The interview with Pharmacist #7 was in contrast to Patient #18's medical record review which revealed the patient did not receive potassium replacement prior to the administration of Flecainide. Additionally, there was no evidence an EKG had been repeated prior to the patient's discharge from the first ED visit.

ii. On 12/26/23 at 12:01 p.m., an interview was conducted with cardiologist provider (Provider) #8. Provider #8 stated if Flecainide was administered for cardioversion, it could have taken a few hours for the medication to be effective. Provider #8 stated it was important to monitor patients for a few hours after administration of Flecainide to ensure there were no adverse effects from the Flecainide. Provider #8 explained sometimes Flecainide toxicity could occur due to poor renal or hepatic function, leading to the body being unable to metabolize the medication.

2. The facility failed to ensure patients who presented with suicidal ideation (SI) were stable for discharge.

A. Medical records revealed psychiatric patients did not receive a medical screening exam for an emergency psychiatric condition, resulting in the potential for patients to not receive necessary stabilizing treatment.

i. On 11/19/23 at 5:10 a.m., Patient #22 presented to the ED with law enforcement due to being suicidal. At 5:20 a.m., a Columbia Suicide Severity Rating Scale (C-SSRS)(a scale used to assess a patient's suicide risk) was completed and determined the patient had a moderate risk for suicide. At 5:29 a.m., an order was placed for suicide precautions. A note written by Provider #12 read Patient #22 had been medically cleared and was evaluated by behavioral health.

There was no evidence in the medical record a behavioral health evaluation had been completed. In addition, there was no evidence in the medical record that stabilizing psychiatric treatment was provided based on the medical screening exam performed.

Further review of the medical record revealed contrasting discharge dispositions. Nursing documentation revealed the patient was discharged home, the behavioral health note read that the patient was accepted to a detox facility, and the medical provider documented the patient was admitted to an inpatient psychiatric program. There was no documentation revealing what facility or disposition Patient #22 was eventually discharged to.

ii. On 9/23/23 at 8:02 a.m., Patient #9 presented to the emergency department with SI. A review of the flowsheets revealed a C-SSRs was completed on the patient. The patient scored low on the C-SSR and did not have intent or a plan to commit suicide.

A review of the patient's orders revealed Provider #12 placed an order for a behavioral health crisis evaluation. However, upon further review of the medical record, there was no evidence of a behavioral health evaluation. The only documentation from the behavioral health staff read, the patient was agreeable to go to detox and had SI without a plan.

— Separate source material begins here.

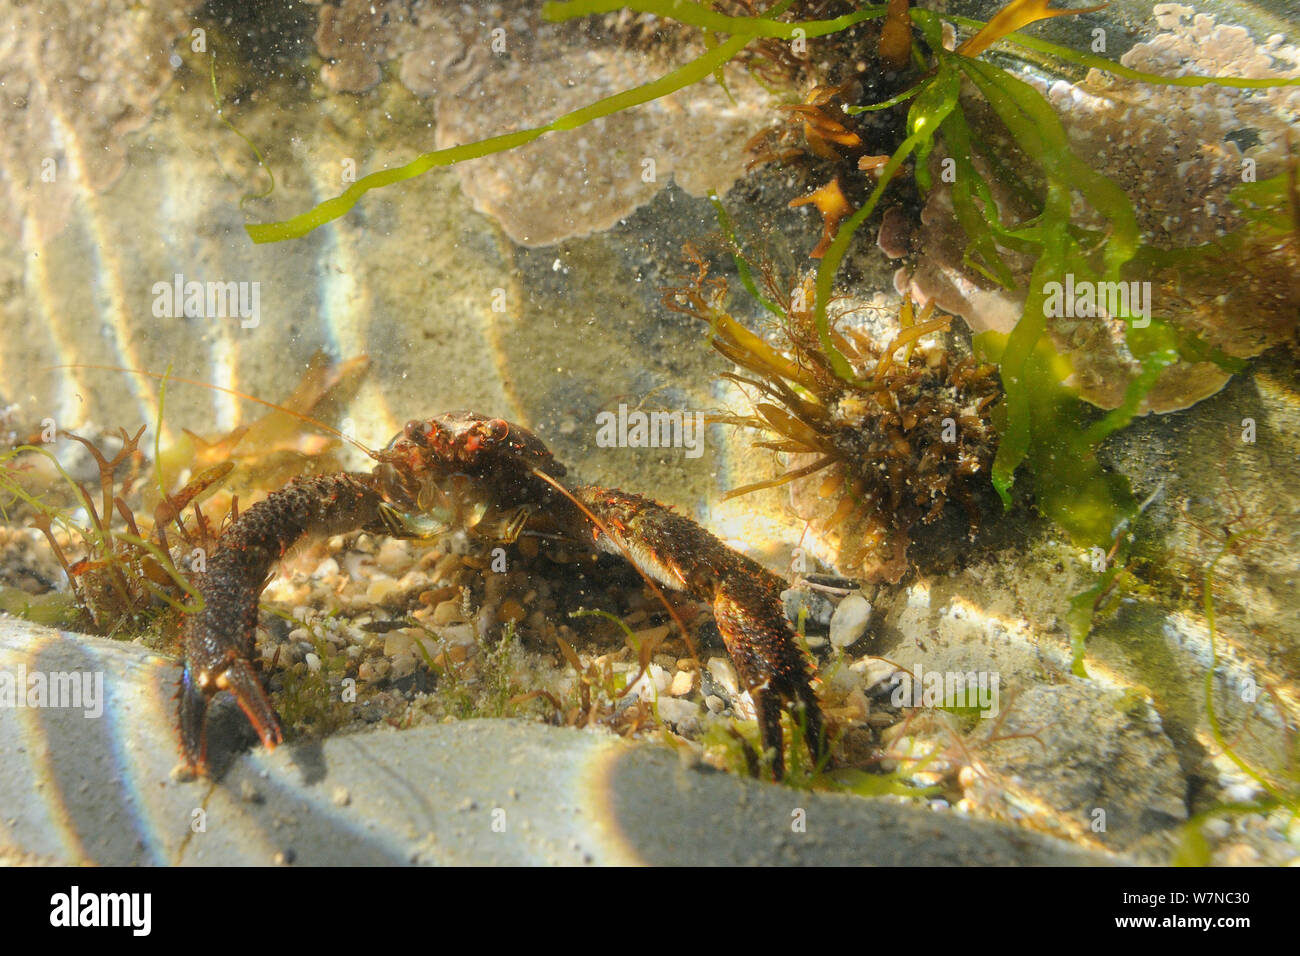 Head on view of Squat lobster (Galathea squamifera) in a rockpool low on the shore among mix of red, green and brown algae, near Falmouth, Cornwall, UK, August. Stock Photo

There was no evidence in the medical record that stabilizing psychiatric treatment was provided based on the medical screening exam performed.

B. Interviews

i. On 12/19/23 at 9:45 a.m., an interview was conducted with RN #5. RN #5 explained a patient who presented with a potential psychiatric emergency would be seen by a medical provider and assessed for an emergency medical condition. They further explained once the patient was cleared of a medical emergency, the patient was then typically evaluated by a behavioral health specialist (BHS) for a psychiatric emergency condition. Once this evaluation was completed, the providers would discuss what treatment the patient may need.

ii. On 12/26/23 at 10:41 a.m., an interview was conducted with behavioral health specialist (BHS) #6. BHS #6 stated when a patient came into the ED and had a behavioral health concern, the provider in the ED would typically order a behavioral health consult once the patient was medically stable. BHS #6 explained once they assessed a patient, there would be a conversation with the ED provider on what treatment the patient needed. BHS #6 stated if a patient did not receive psychiatric stabilization or treatment, there was a risk the patient may harm themselves or others.

This interview was in contrast with the medical record reviews of Patients #22 and #9 which showed no evidence of an assessment by a BHS or consultation with the ED provider on stabilizing treatments.